#### INPUT DATA
####

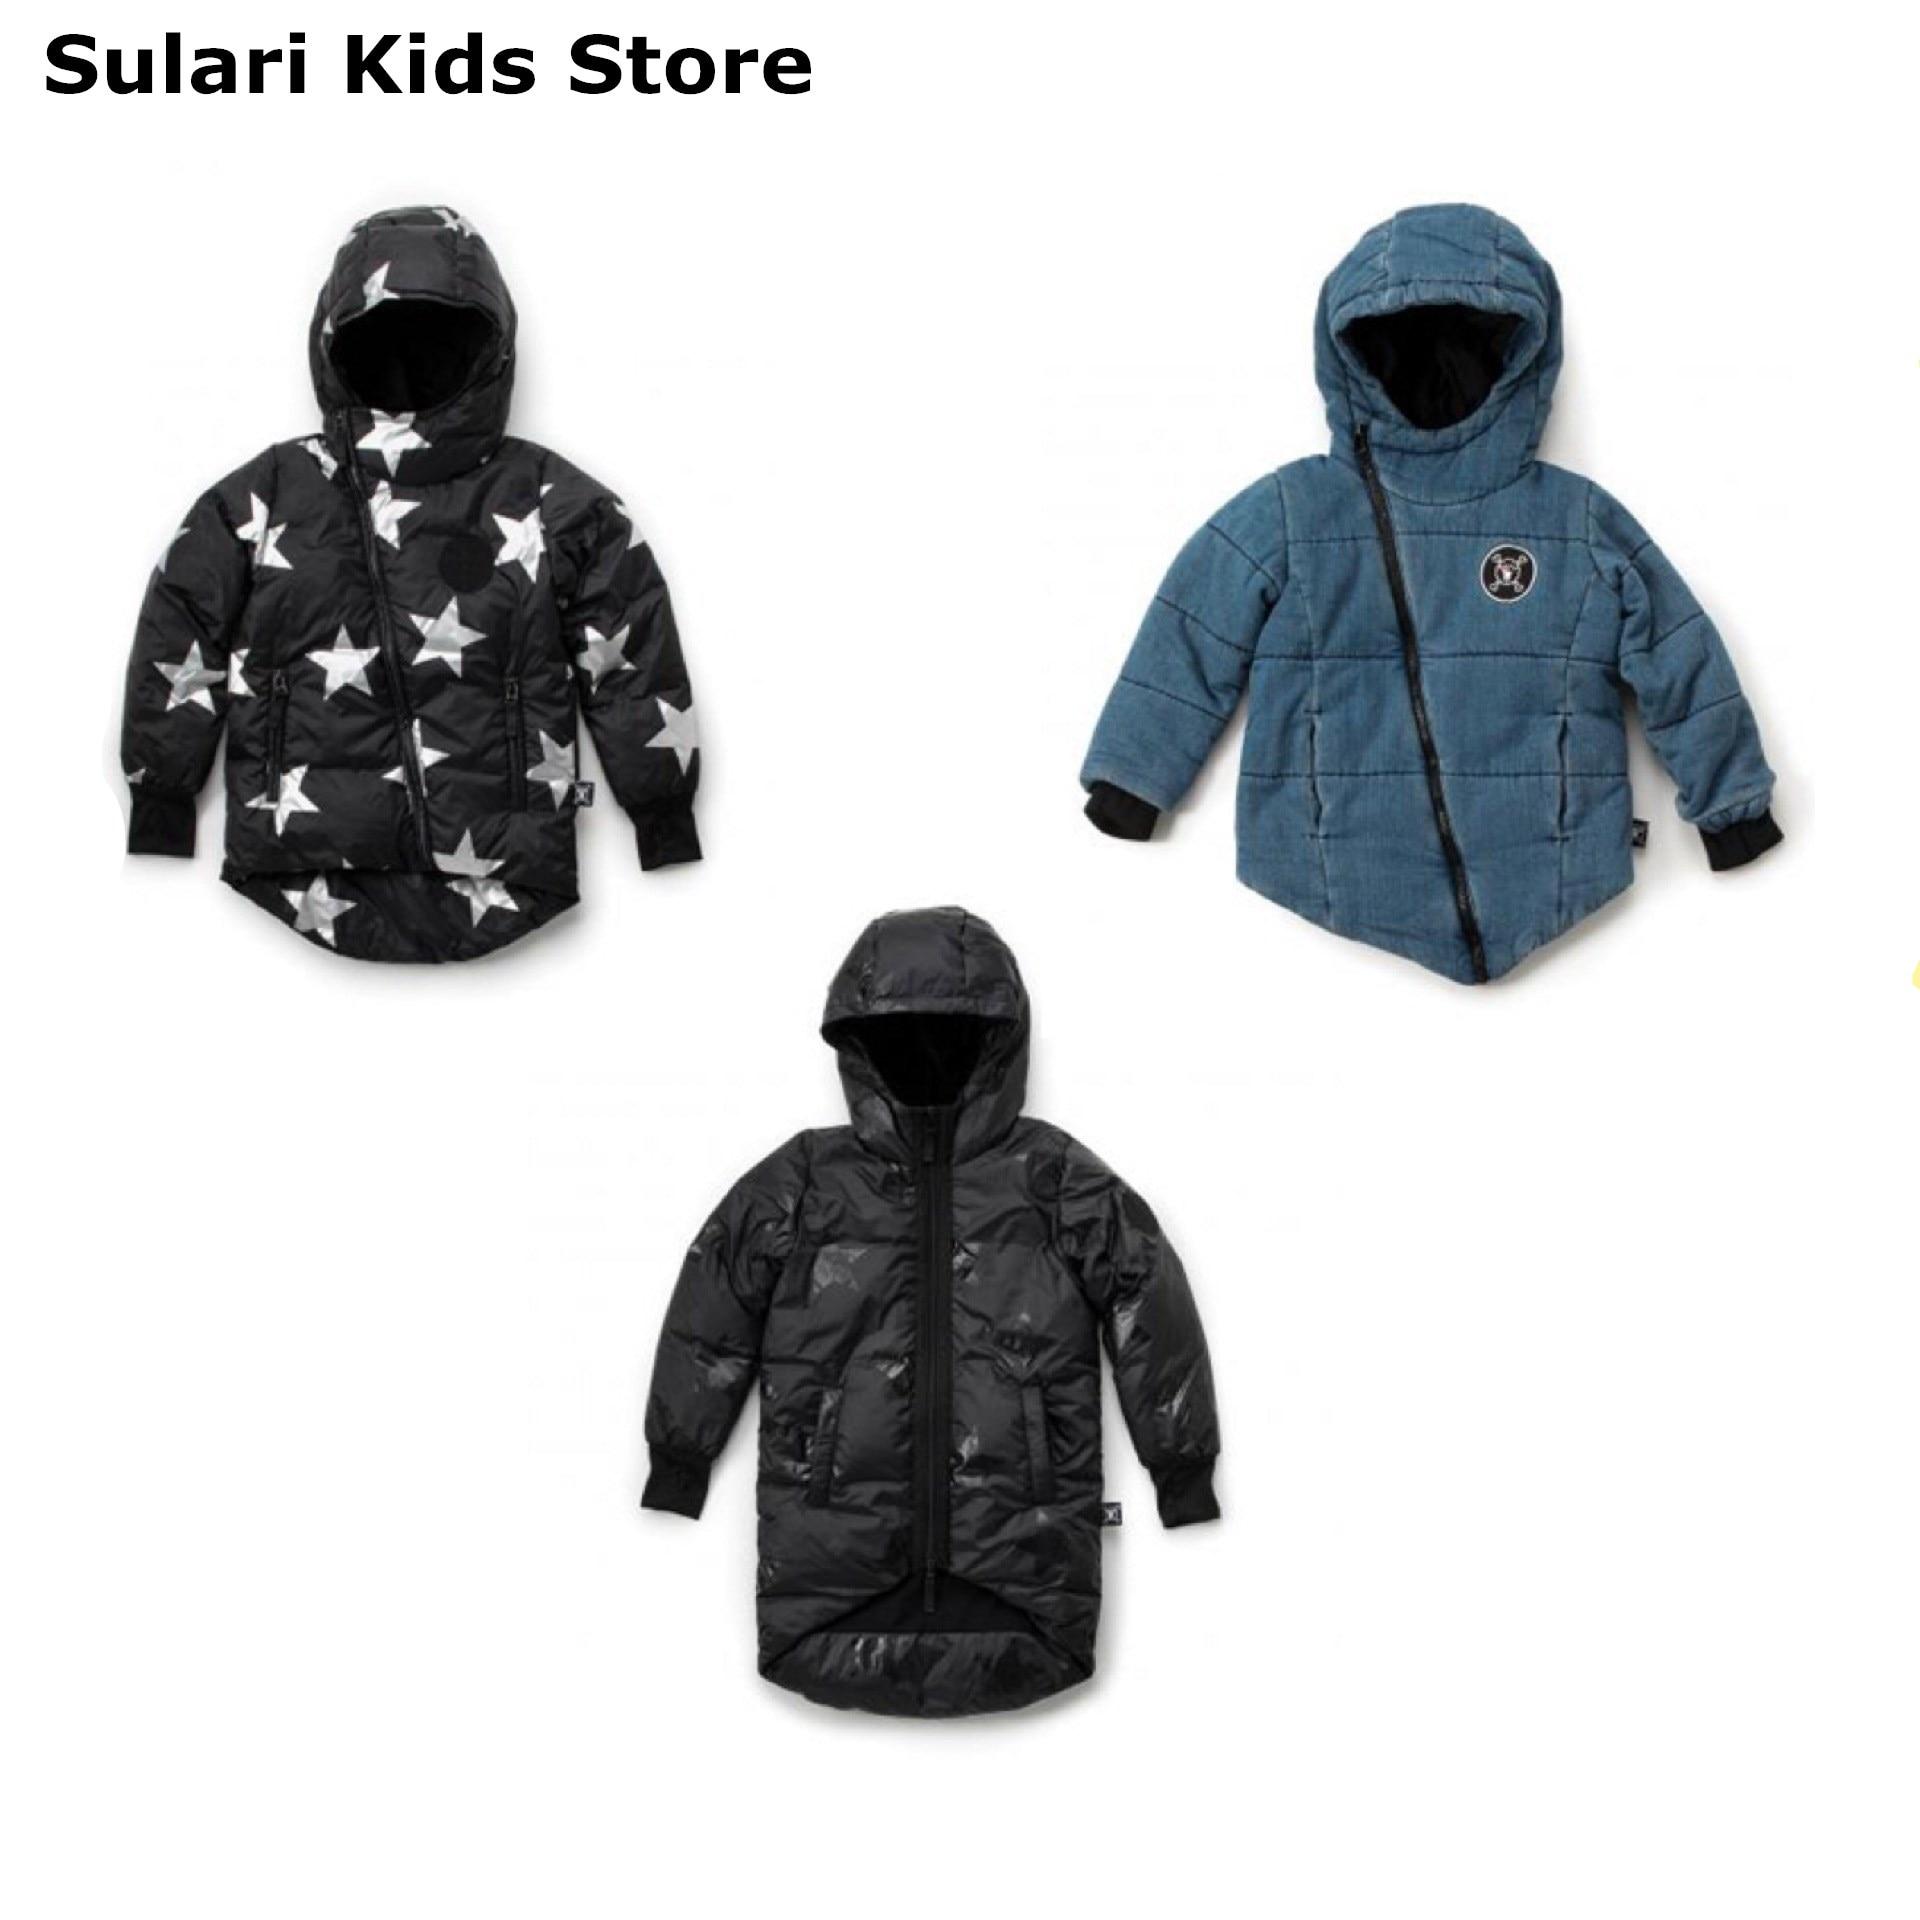 Manteau en duvet jean manteau vestes hiver vêtements noël enfants vêtements fille hiver veste paillettes vestidos de invierno para bebe
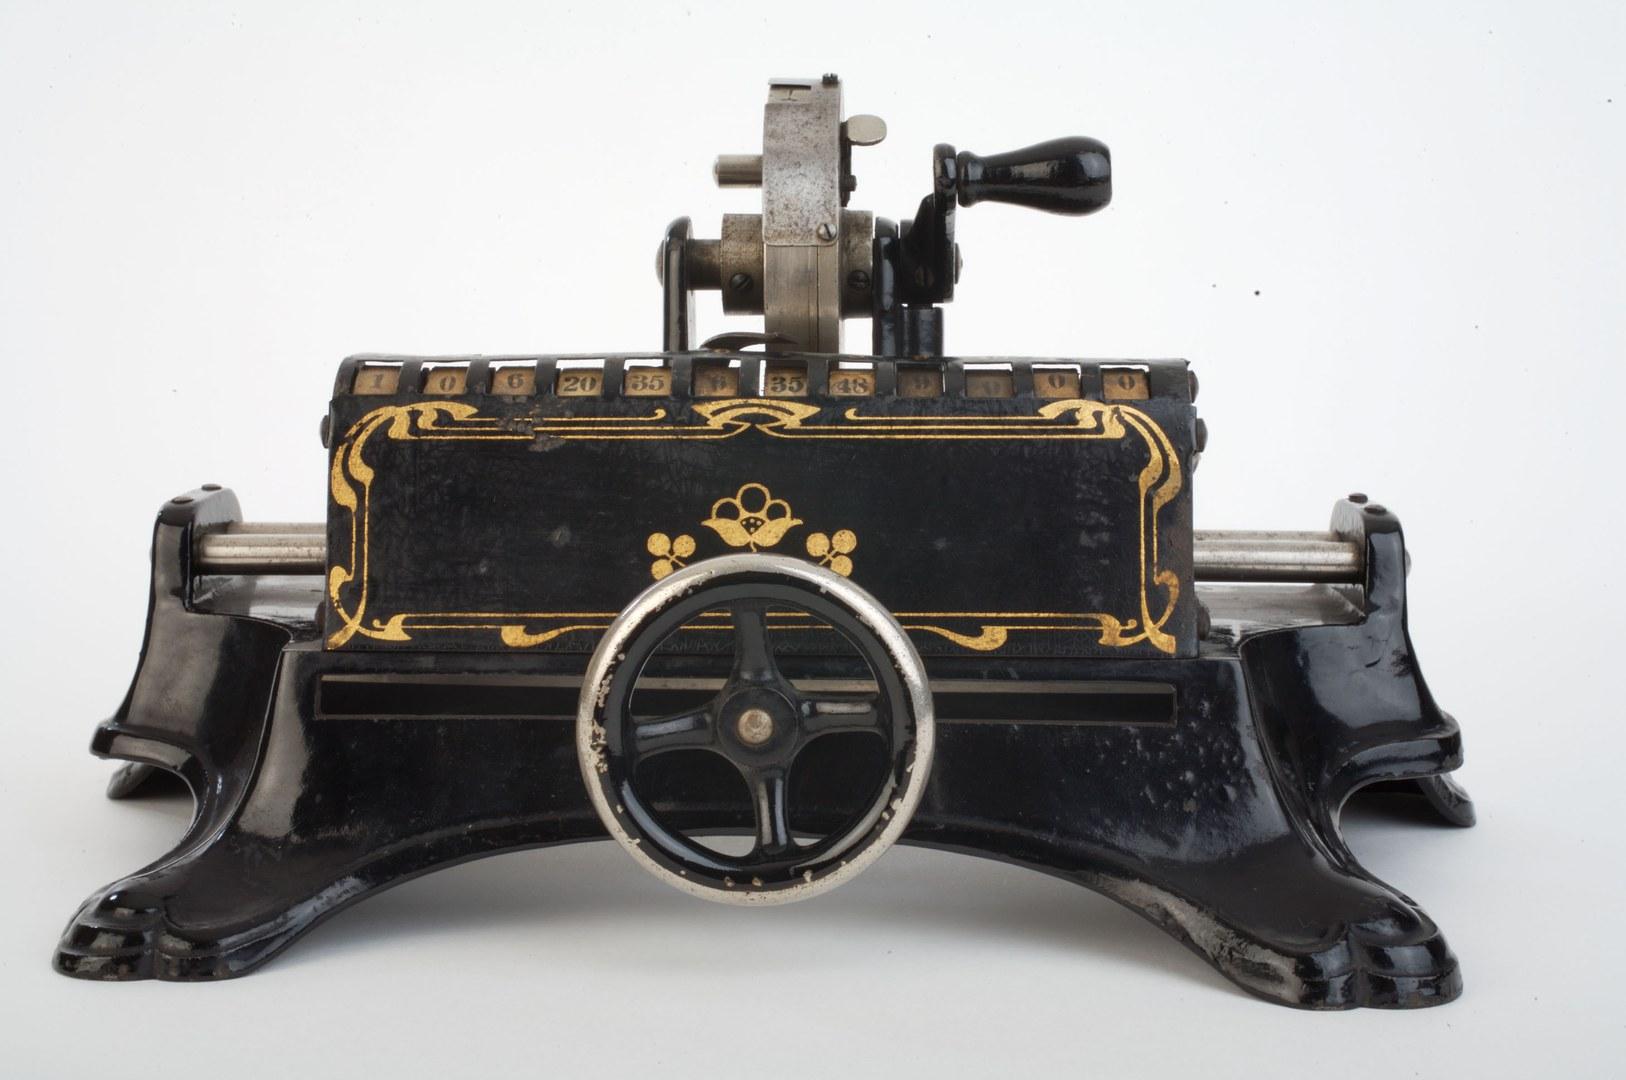 Rechenmaschine mit ungewöhnlichem Design:
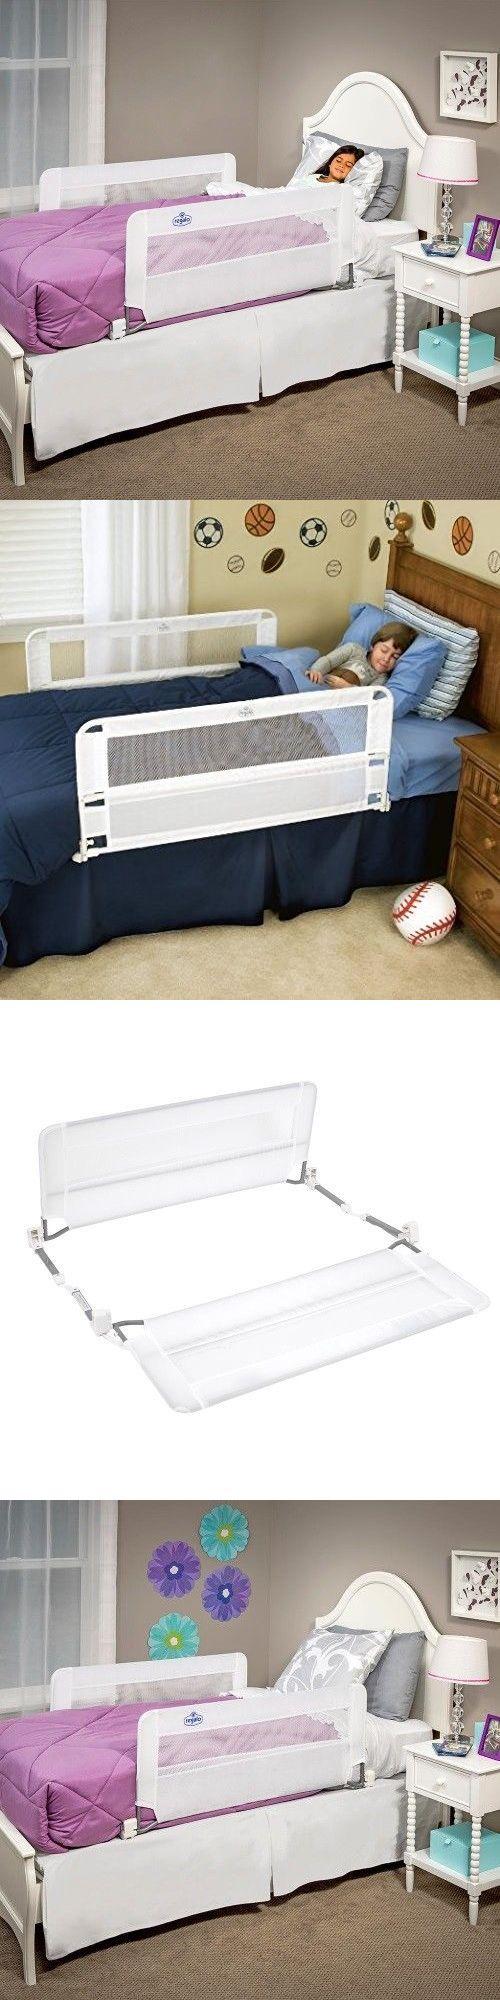 best 25 bed rails ideas on pinterest toddler bed rails bed guard for toddler bed and bed. Black Bedroom Furniture Sets. Home Design Ideas
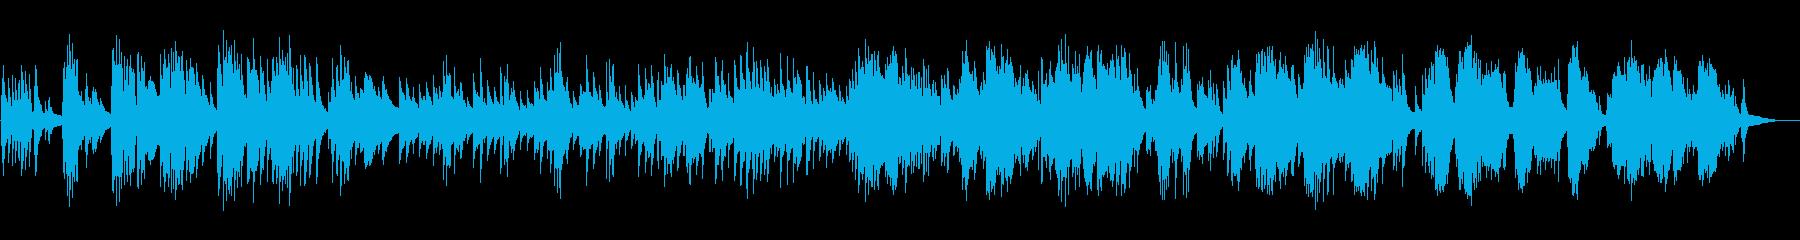 雨の日のイメージ・のんびりなピアノ即興の再生済みの波形

####

#### TASK INSTRUCTIONS
Pictures stay out of this copy. Retype exactly the lines from the one with "Rechenmaschine mit ungewöhnlichem" through the last line of the data, both ends included, and nothing more.

#### EXERCISE RESPONSE
 Rechenmaschine mit ungewöhnlichem Design:
 best 25 bed rails ideas on pinterest toddler bed rails bed guard for toddler bed and bed. Black Bedroom Furniture Sets. Home Design Ideas
 雨の日のイメージ・のんびりなピアノ即興の再生済みの波形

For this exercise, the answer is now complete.